Plegamiento de Proteínas: Medición del Tiempo de Transición

by Editor de Tecnologia marzo 9, 2026
written by Editor de Tecnologia

It can take less than a microsecond for proteins (artist’s impression) to fold into their 3D shapes.Credit: Christoph Burgstedt/Science Photo Library

Científicos han realizado algunas de las primeras mediciones directas del tiempo que tarda una proteína individual y ordinaria en plegarse. Los resultados sorprendieron: no encontraron relación entre la secuencia o el tamaño de una proteína y el tiempo que tarda en adoptar su forma tridimensional. Además, las proteínas parecen plegarse de manera más eficiente que otras biomoléculas, como el ADN, a pesar de tener componentes más complejos. El trabajo fue publicado hoy en Physical Review Letters1.

‘Dark proteins’ hiding in our cells could hold clues to cancer and other diseases

Las funciones de las proteínas están estrechamente ligadas a sus estructuras tridimensionales, a menudo complejas.

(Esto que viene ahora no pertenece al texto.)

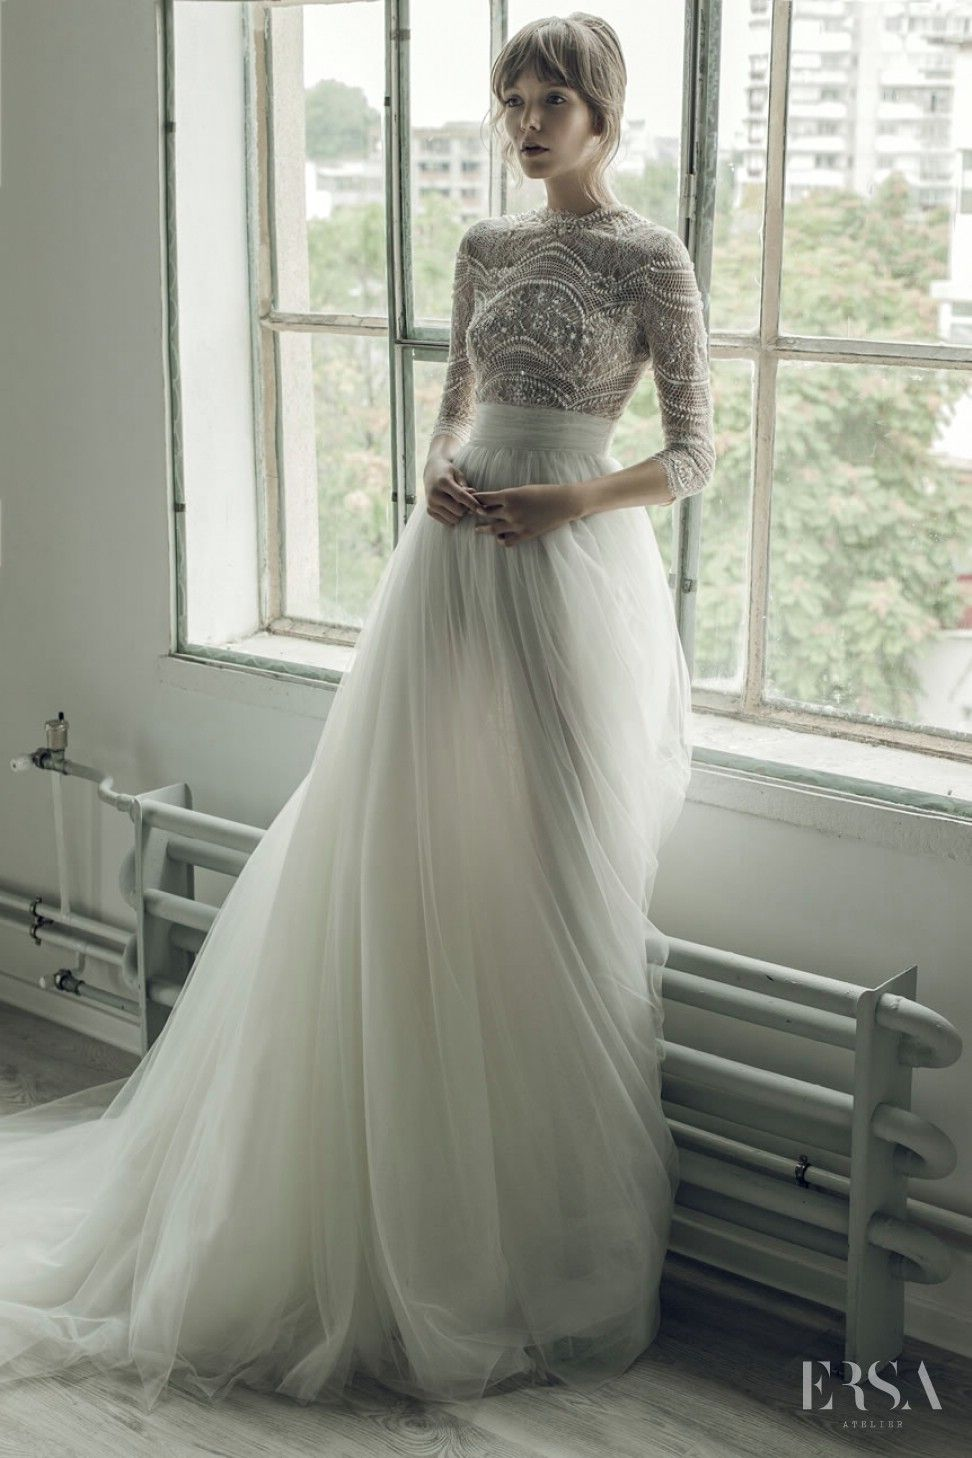 99ae4694ed65 Ersa Atelier - Wedding Collection- Evening dress Serena

Algunas poseen cavidades o protuberancias especializadas que les permiten unirse a receptores celulares para enviar mensajes, por ejemplo. Pero, independientemente de lo intrincado que sea su diseño final, una proteína comienza como una cadena de aminoácidos, “como un largo fideo de espagueti” que puede plegarse de innumerables maneras, explica Hoi Sung Chung, coautor del estudio y biofísico del Instituto Nacional de Diabetes y Enfermedades Digestivas y Renales en Bethesda, Maryland. Las proteínas que se pliegan incorrectamente o de forma incompleta pueden provocar disfunción, enfermedad o toxicidad, por lo que los científicos buscan comprender los detalles del proceso de plegamiento.

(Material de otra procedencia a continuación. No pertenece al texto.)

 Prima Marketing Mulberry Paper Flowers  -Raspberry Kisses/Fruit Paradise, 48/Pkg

Moléculas de proteínas idénticas flotando en un vaso de precipitados alcanzarán su estructura tridimensional final en diferentes momentos, cada una realizando muchos intentos fallidos en el camino. Los científicos saben cuánto tiempo tarda generalmente todo el proceso de plegamiento, incluidos esos intentos fallidos. Pero hasta ahora, ha sido esencialmente imposible medir la duración del acto de plegamiento en sí, esta carrera se llama tiempo de transición.

No parpadees

Este período de transición es muy breve y debe estudiarse en moléculas individuales. Hasta ahora, los científicos han vislumbrado el proceso de plegamiento ralentizándolo artificialmente o observando proteínas inusuales que se pliegan a un ritmo lento.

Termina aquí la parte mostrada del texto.